Start of Source data
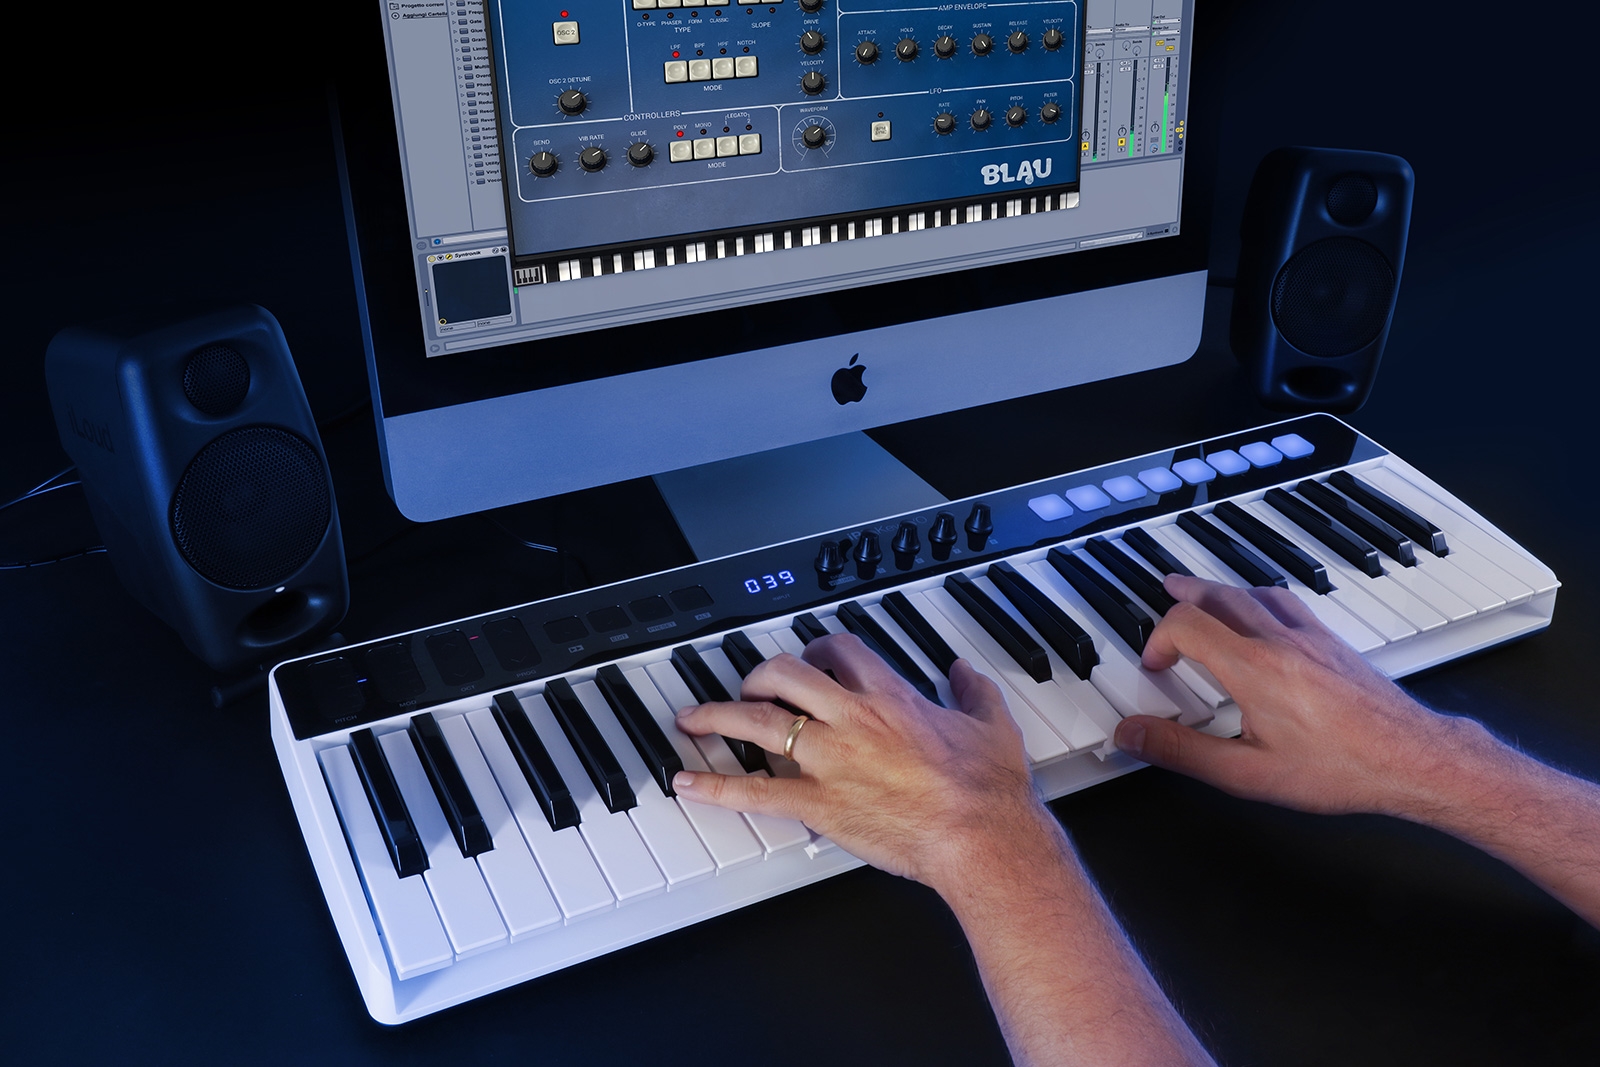 iRig Keys I/O packs in a full audio interface for $200 | DeviceDaily.com
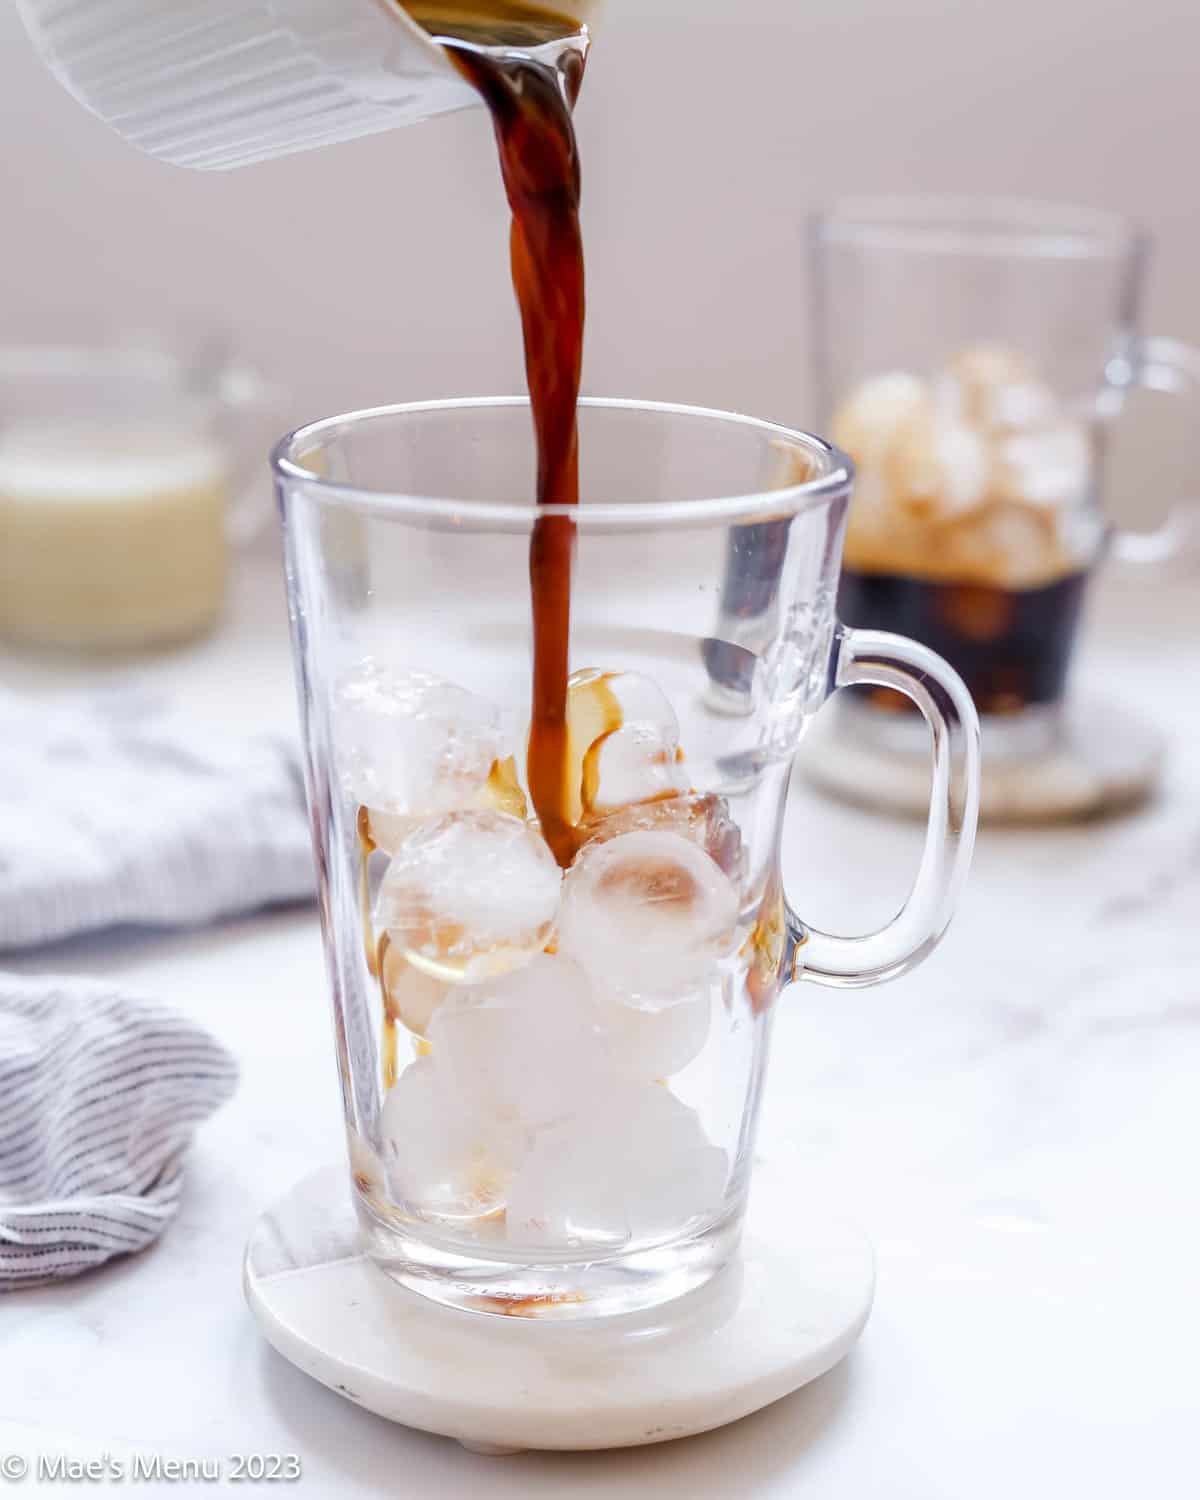 Pouring a shot of espresso into a glass of ice.
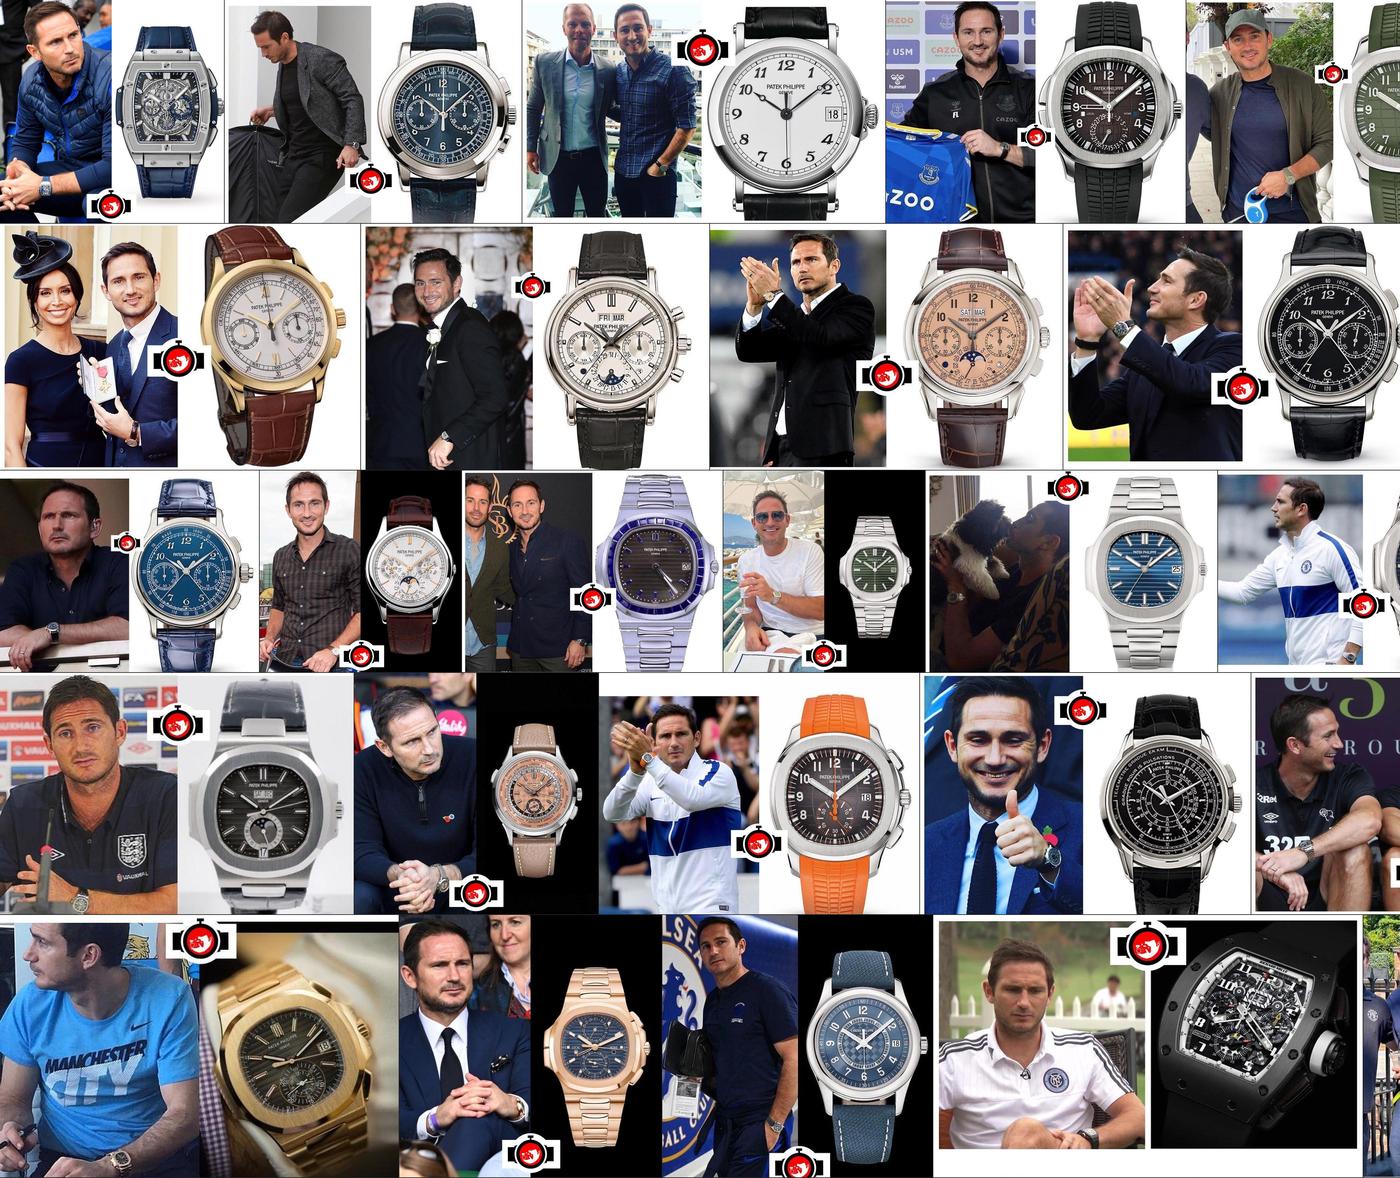 Frank Lampard's Exquisite Watch Collection - A Glimpse into the Football Legend's Timepiece Obsession
End of Source data
Would you repeat the material exactly, keeping out any pictures?

 iRig Keys I/O packs in a full audio interface for $200 | DeviceDaily.com
 Pouring a shot of espresso into a glass of ice.
 Frank Lampard's Exquisite Watch Collection - A Glimpse into the Football Legend's Timepiece Obsession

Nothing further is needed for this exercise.